Compact High Efficiency and Zero-Emission Gas-Fired Power Plant with Oxy-Combustion and Carbon Capture

Abstract

Reduction of greenhouse gases emissions is a key challenge for the power generation industry, requiring the implementation of new designs and methods of electricity generation. This article presents a design solution for a novel thermodynamic cycle with two new devices—namely, a wet combustion chamber and a spray-ejector condenser. In the proposed cycle, high temperature occurs in the combustion chamber because of fuel combustion by pure oxygen. As a consequence of the chemical reaction and open water cooling, a mixture of H2O and CO2 is produced.

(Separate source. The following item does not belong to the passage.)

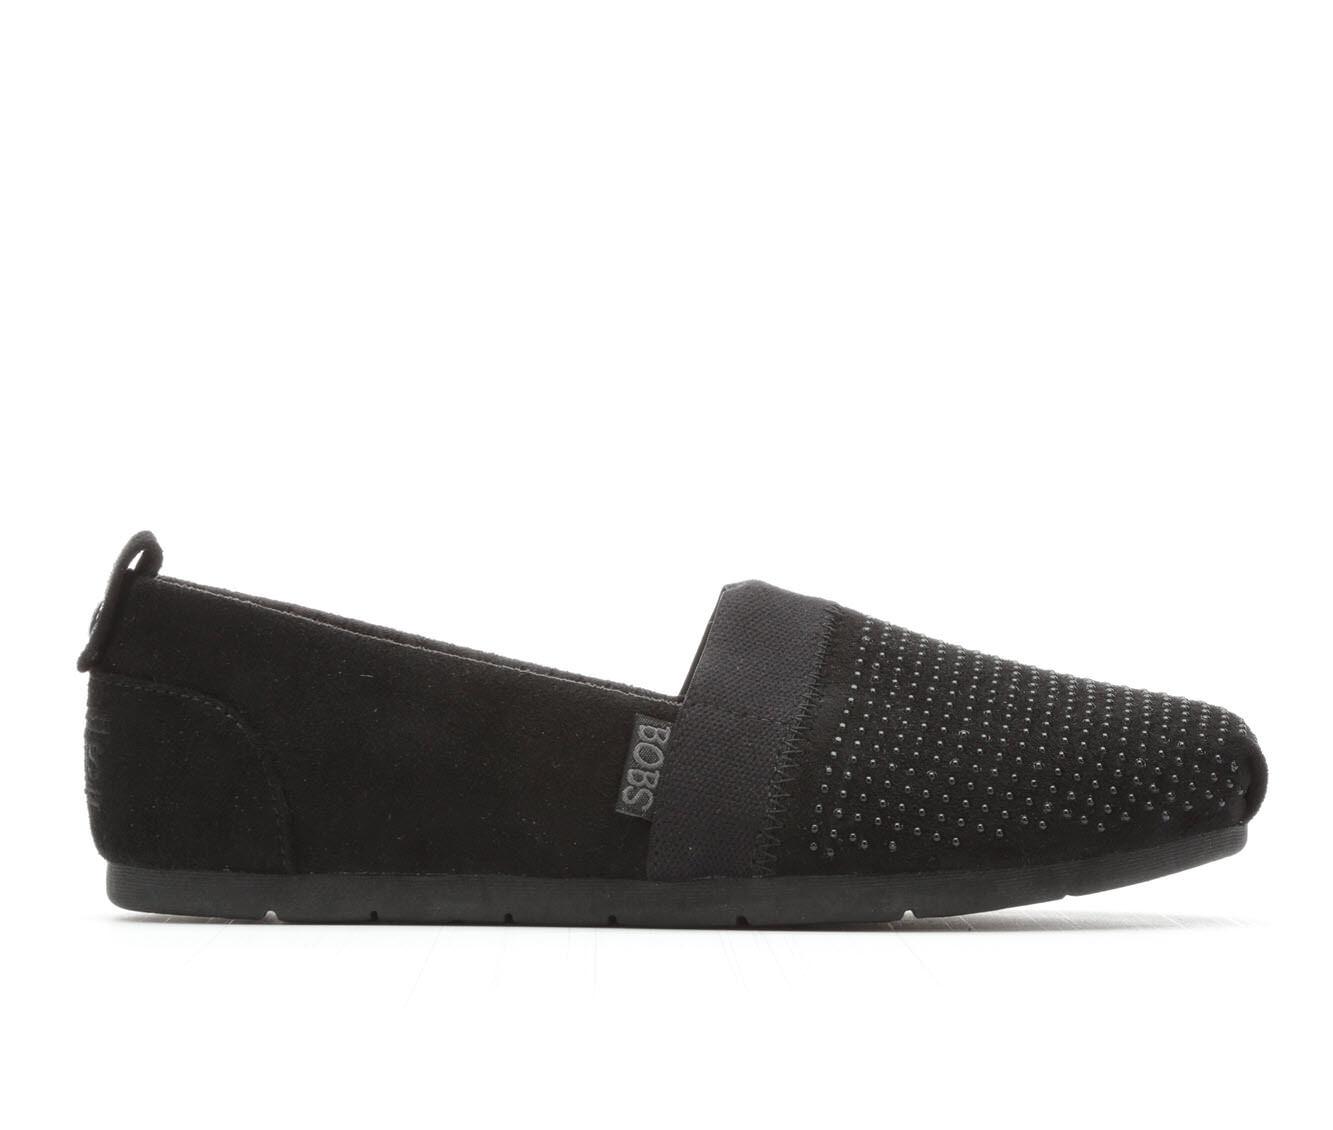 bobs shoes Black

The resulting working medium expands in one turbine that combines the advantages of gas turbines (high turbine inlet temperatures) and steam turbines (full expansion to vacuum). Moreover, the main purpose of the spray-ejector condenser is the simultaneous condensation of water vapour and compression of CO2 from condensing pressure to about 1 bar. The efficiency of the proposed cycle has been estimated at 37.78%. COM-GAS software has been used for computational flow mechanics simulations. The calculation considers the drop in efficiency due to air separation unit, carbon capture, and spray-ejector condenser processes. The advantage of the proposed cycle is its compactness that can be achieved by replacing the largest equipment in the steam unit. The authors make reference to a steam generator, a conventional steam condenser, and the steam-gas turbine. Instead of classical heat exchanger equipment, the authors propose non-standard devices, such as a wet combustion chamber and spray-ejector condenser.